• Action item: Below is a listing with pictures in it. Copy it exactly without them.

• Data segment:
* * * * *

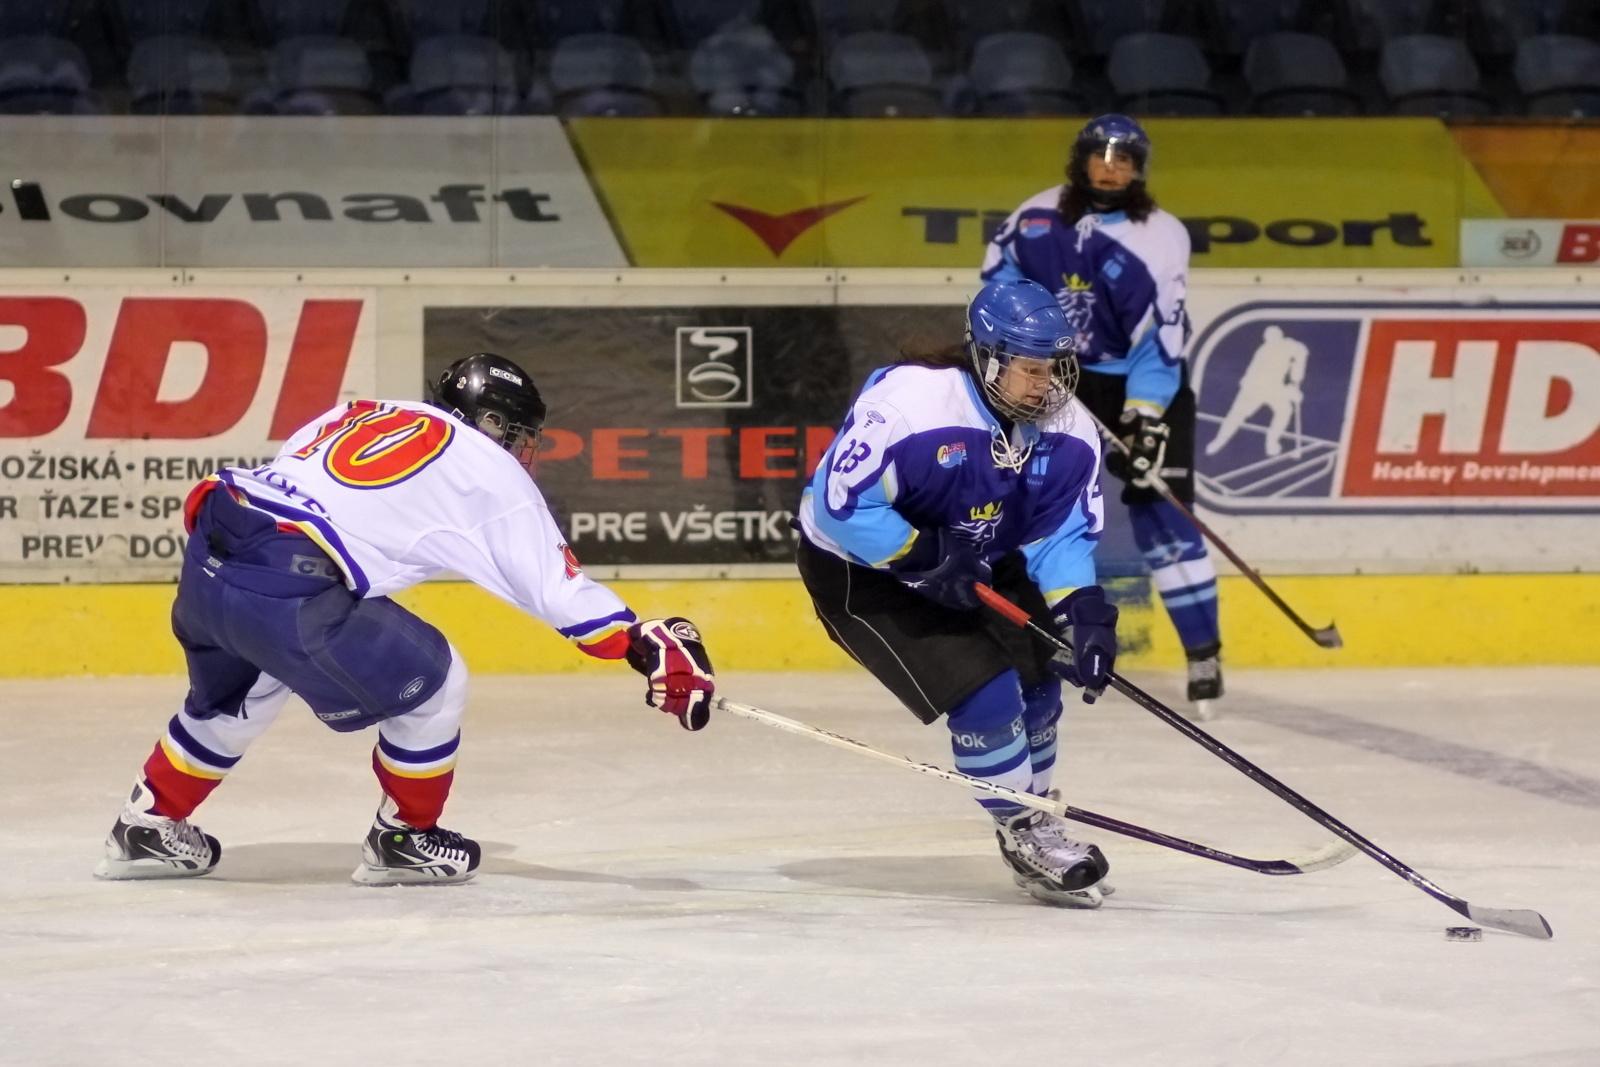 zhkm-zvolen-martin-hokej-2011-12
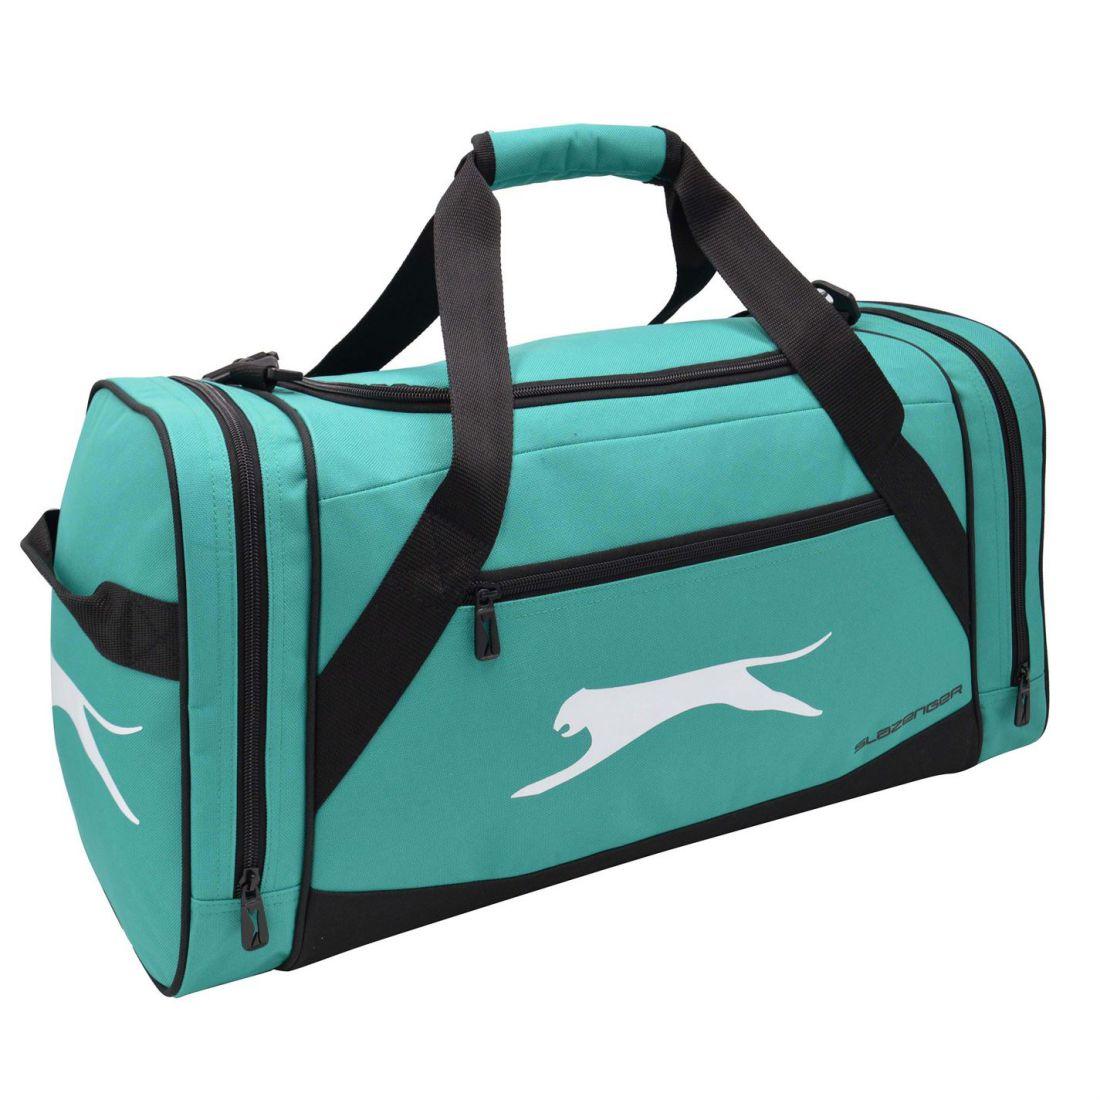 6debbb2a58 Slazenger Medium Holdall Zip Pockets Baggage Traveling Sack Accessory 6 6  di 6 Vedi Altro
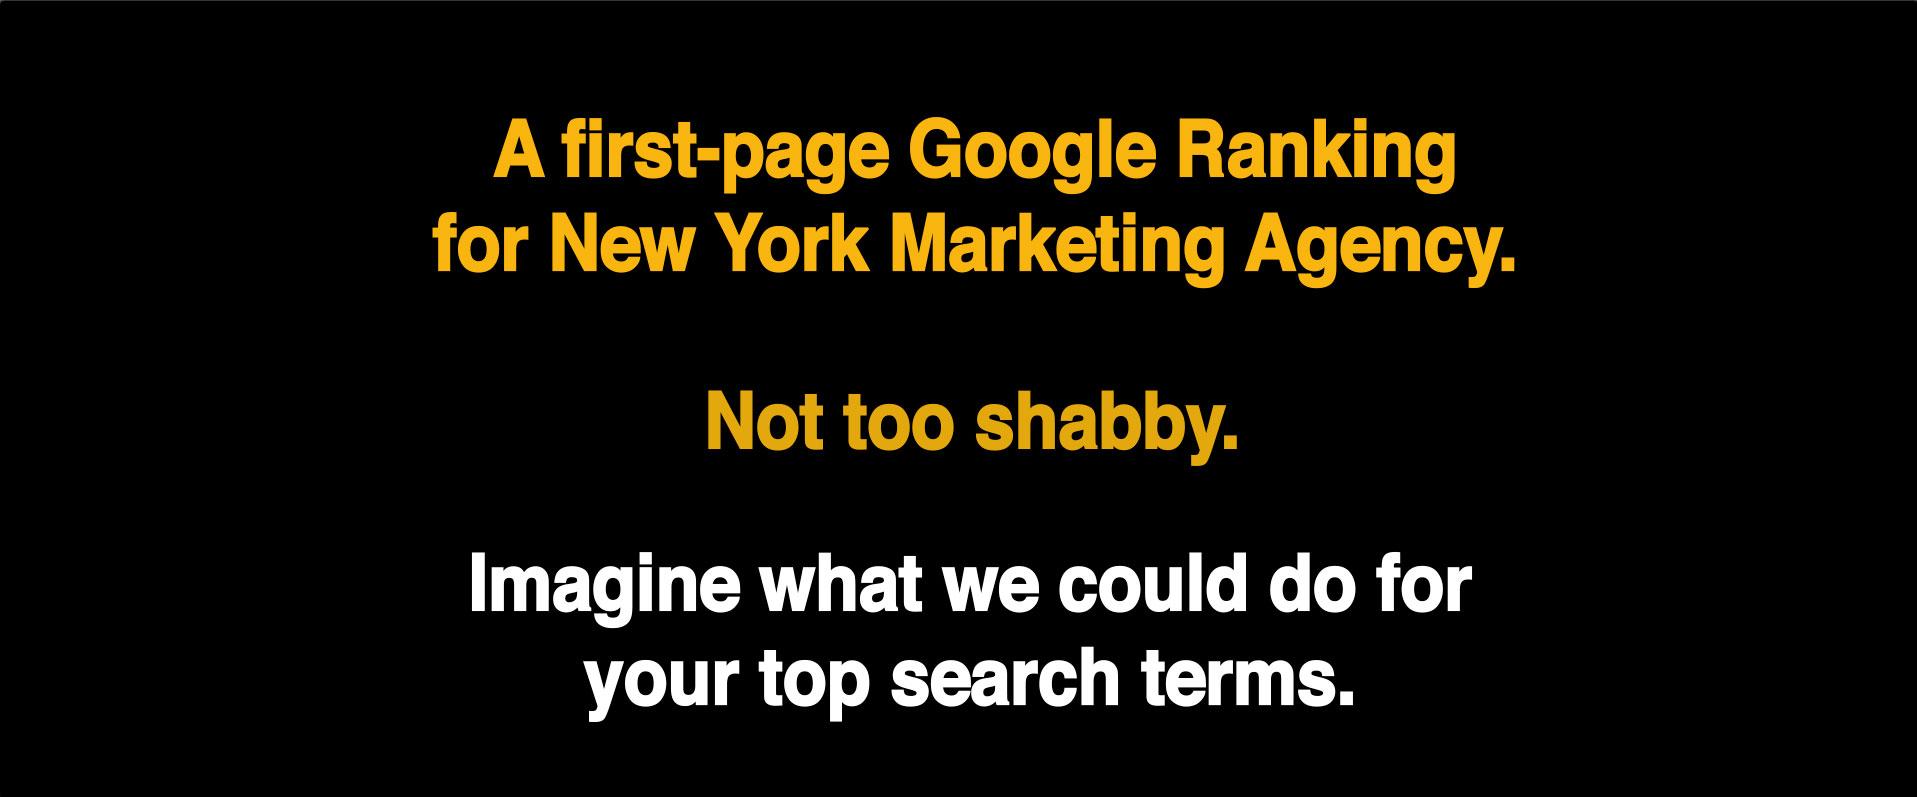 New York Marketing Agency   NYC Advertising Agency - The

* * * * *

• Answer box:
 zhkm-zvolen-martin-hokej-2011-12
 6debbb2a58 Slazenger Medium Holdall Zip Pockets Baggage Traveling Sack Accessory 6 6  di 6 Vedi Altro
 New York Marketing Agency   NYC Advertising Agency - The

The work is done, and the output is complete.